Just chiming in to say I do use mutable hash tables in my pollen.rkt for footnotes and link references, and when doing parallel renders many of my pages now have footnotes from other pages.

However, I’m not complaining or asking to revert. I am persuaded that the new way has benefits. I just want to understand what the implications are right now for state that I want preserved between tag function calls but not across pages when doing parallel renders. Are parameters no longer sufficient for this purpose?

I understand that refactoring so that dealing with everything inside root is one way to do this; I could also prefix my hash keys with some unique per-page value (like here-path) to isolate each page’s values from each other (specifically in the case of hash tables).

mbutterick commented 4 years ago

Right — you’ll need to manage the state for each page explicitly, rather than relying on that behavior as a side effect of fresh namespaces.

In general, using here-path to key this data is a good idea, since that's guaranteed to be unique for each source file.

Concatenating the keys would work, though it makes per-page queries a little messy.
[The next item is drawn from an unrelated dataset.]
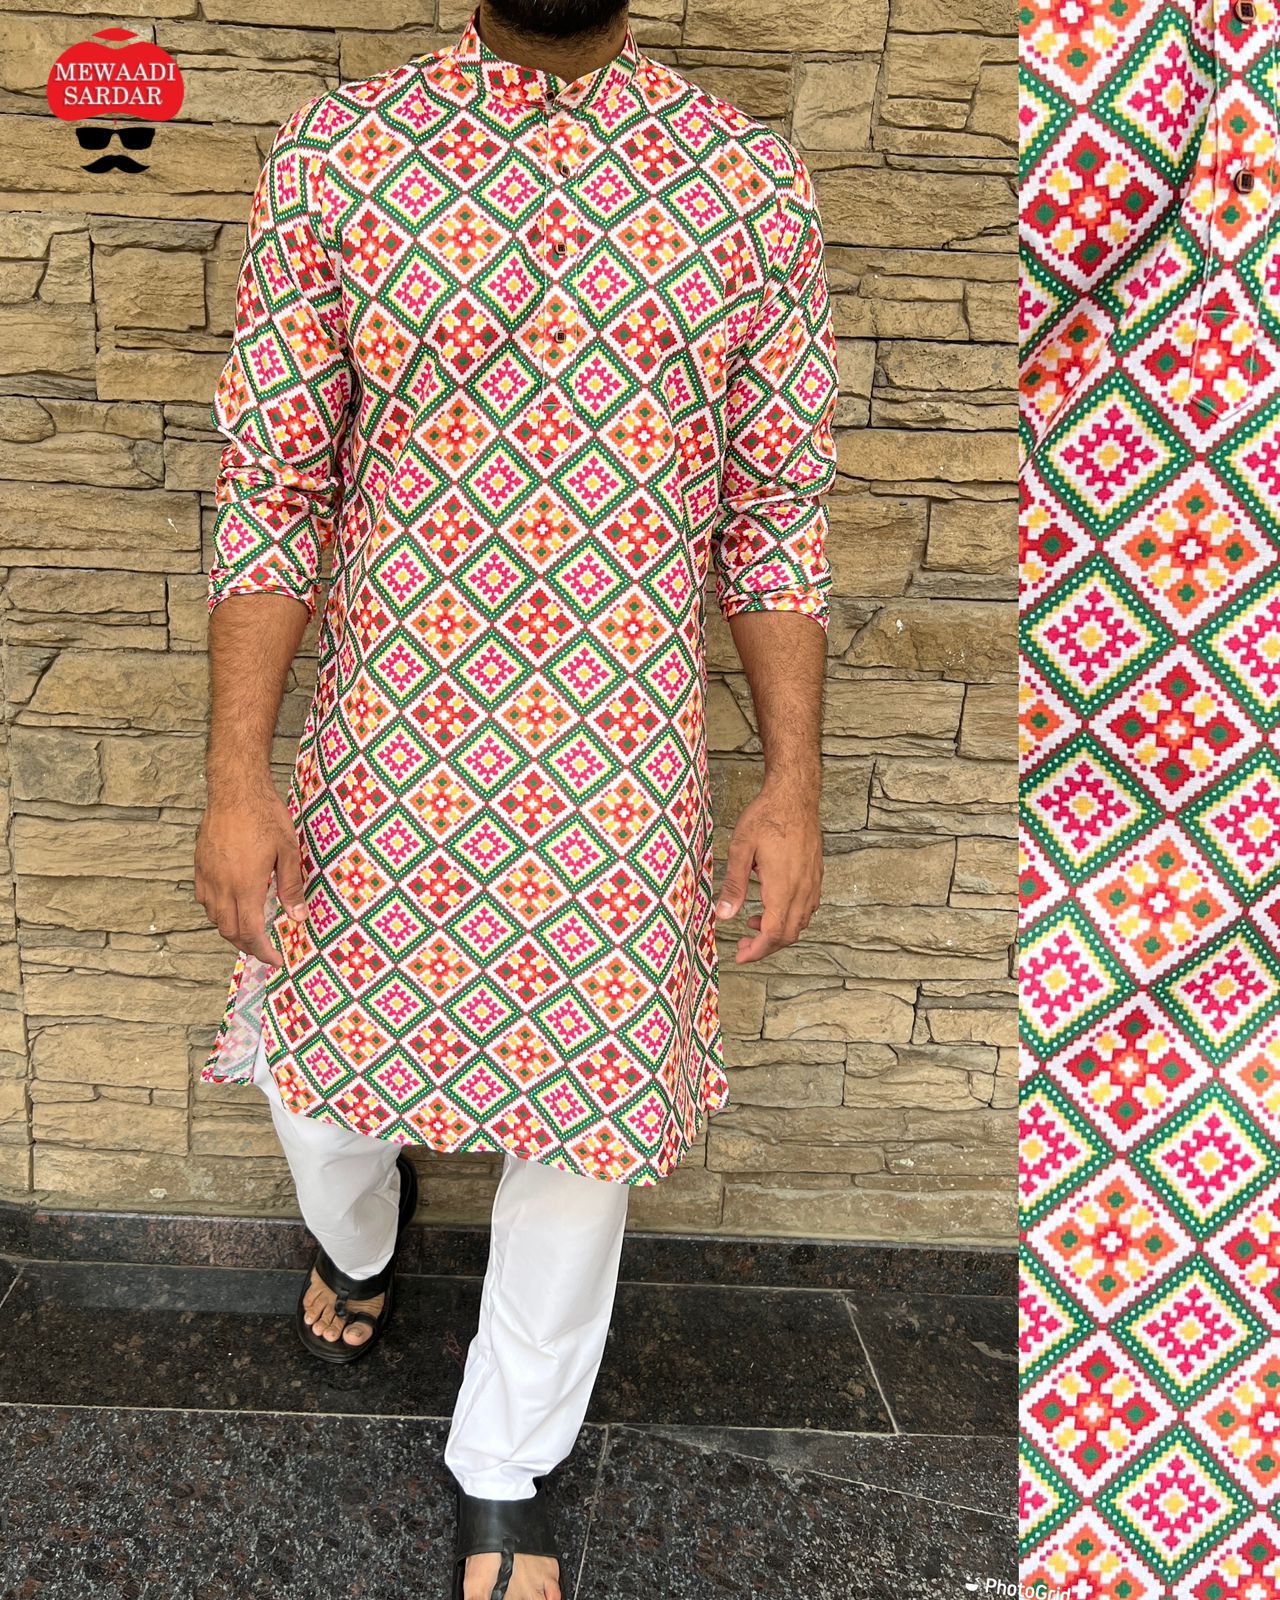 Beautiful Men's Designer Cotton Printed Mewaadi Kurta

One could also convert a footnote hash into a hash with subhashes: the top level is indexed by here-path, and then the subhashes are indexed by footnote number.

#lang racket
(require pollen/core)

(define fn-hash (make-hash))
(define (fn txt)
  (define page-path (hash-ref (current-metas) 'here-path))
  (define fn-hash-page (hash-ref! fn-hash page-path make-hasheq))
  (define fn-count (add1 (length (hash-keys fn-hash-page))))
  (hash-set! fn-hash-page fn-count txt)
  (format "~a is fn ~a" txt fn-count))
sorawee commented 4 years ago

Why not try moving root to a position where it can be either a function or a macro. That was your first suggestion. That seems more flexible than the thunking idea.
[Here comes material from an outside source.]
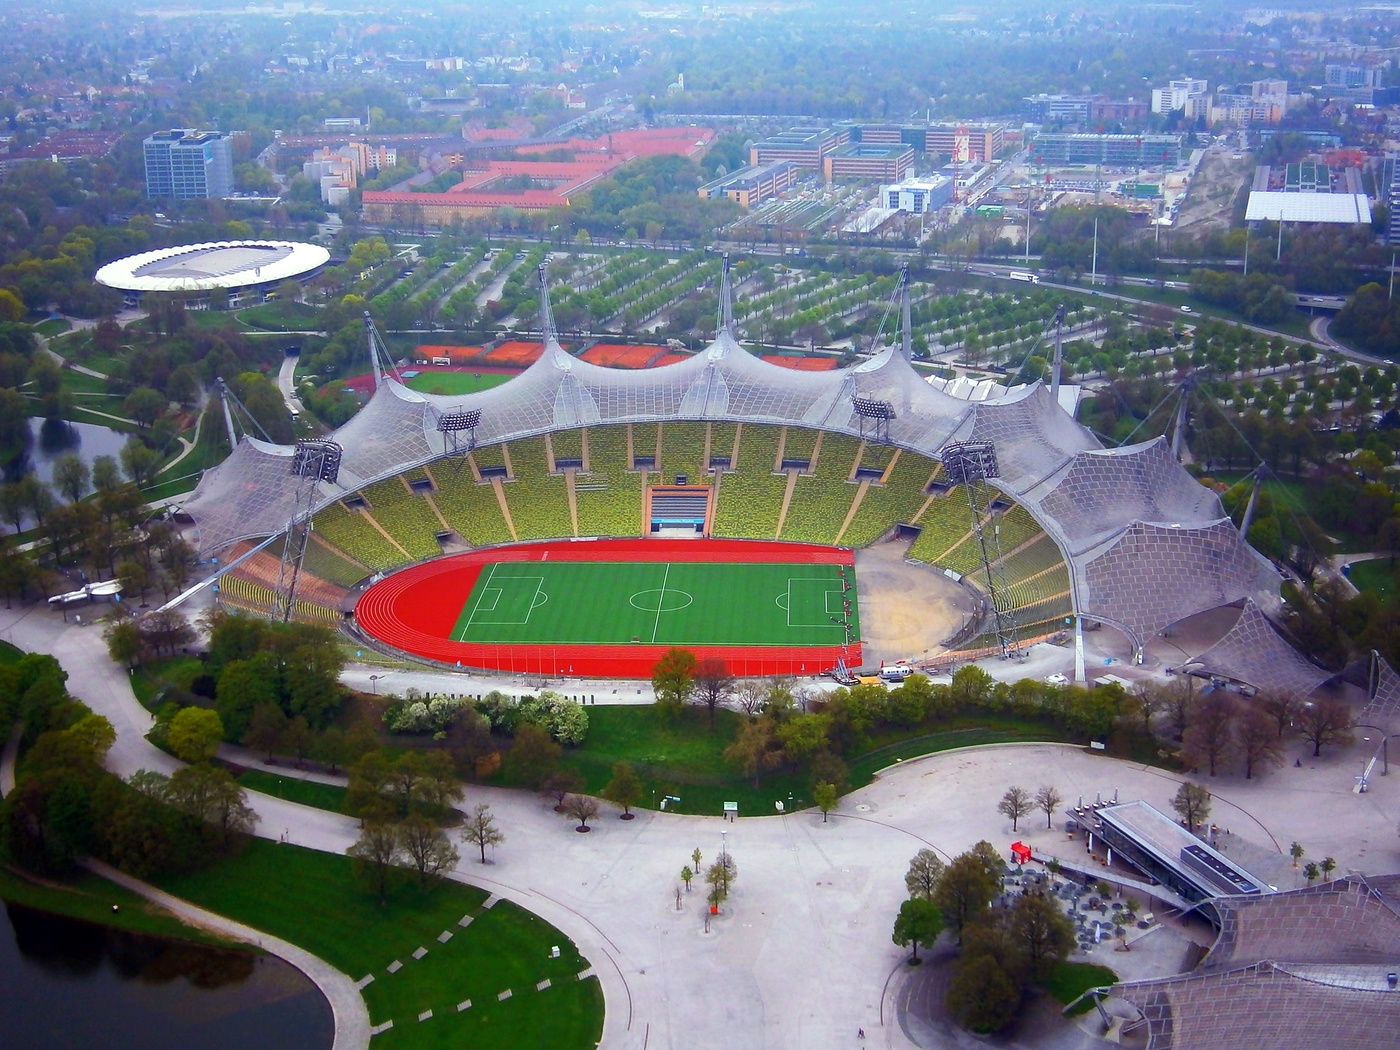 Olympic stadium. Стадион Олимпиаштадион Мюнхен. Олимпийский стадион Мюнхен 1972. Олимпия Штадиум Мюнхен. Олимпиаштадион - Мюнхен, Германия.

I think it's the same reason why root in the current Pollen exists. One hypothetical design of Pollen is to require people to wrap the whole content up in the top-level tag explicitly instead of relying on the implicit root, but that would be very tedious, and that's why I think you choose to use the implicit root tag instead.

otherjoel commented 4 years ago

I’ve been testing and working to ensure I fully understand the implications of this change. Tell me if I have this correct:

And finally:

As to this last bit, consider this MVE. I could not find a sequence of raco pollen commands that would get the (template) line of the rendered output to say anything other than Result: 1.

mbutterick commented 4 years ago

The fresh namespace is only necessary in the project-server context, because that’s the only way to make sure that all updated source files (incl "pollen.rkt") are properly incorporated in a render (originally it was the fix for https://github.com/mbutterick/pollen/issues/64).

Your description of the behavior seems right except for the last point. It would be more accurate to say that after this change, a Pollen source may or may not be evaluated in its own namespace, just as currently, it may or may not be evaluated in parallel. In both cases, the programming should not depend on any side effects of these environments.

That said, one can still avoid parallel processing — possibly useful for projects that want a guaranteed evaluation order. Likewise, I could add a command-line switch or setup value to restore the fresh-namespace behavior for those who prefer the consistency.

Your code example depends on mutation of a global variable, which is always going to be troublesome.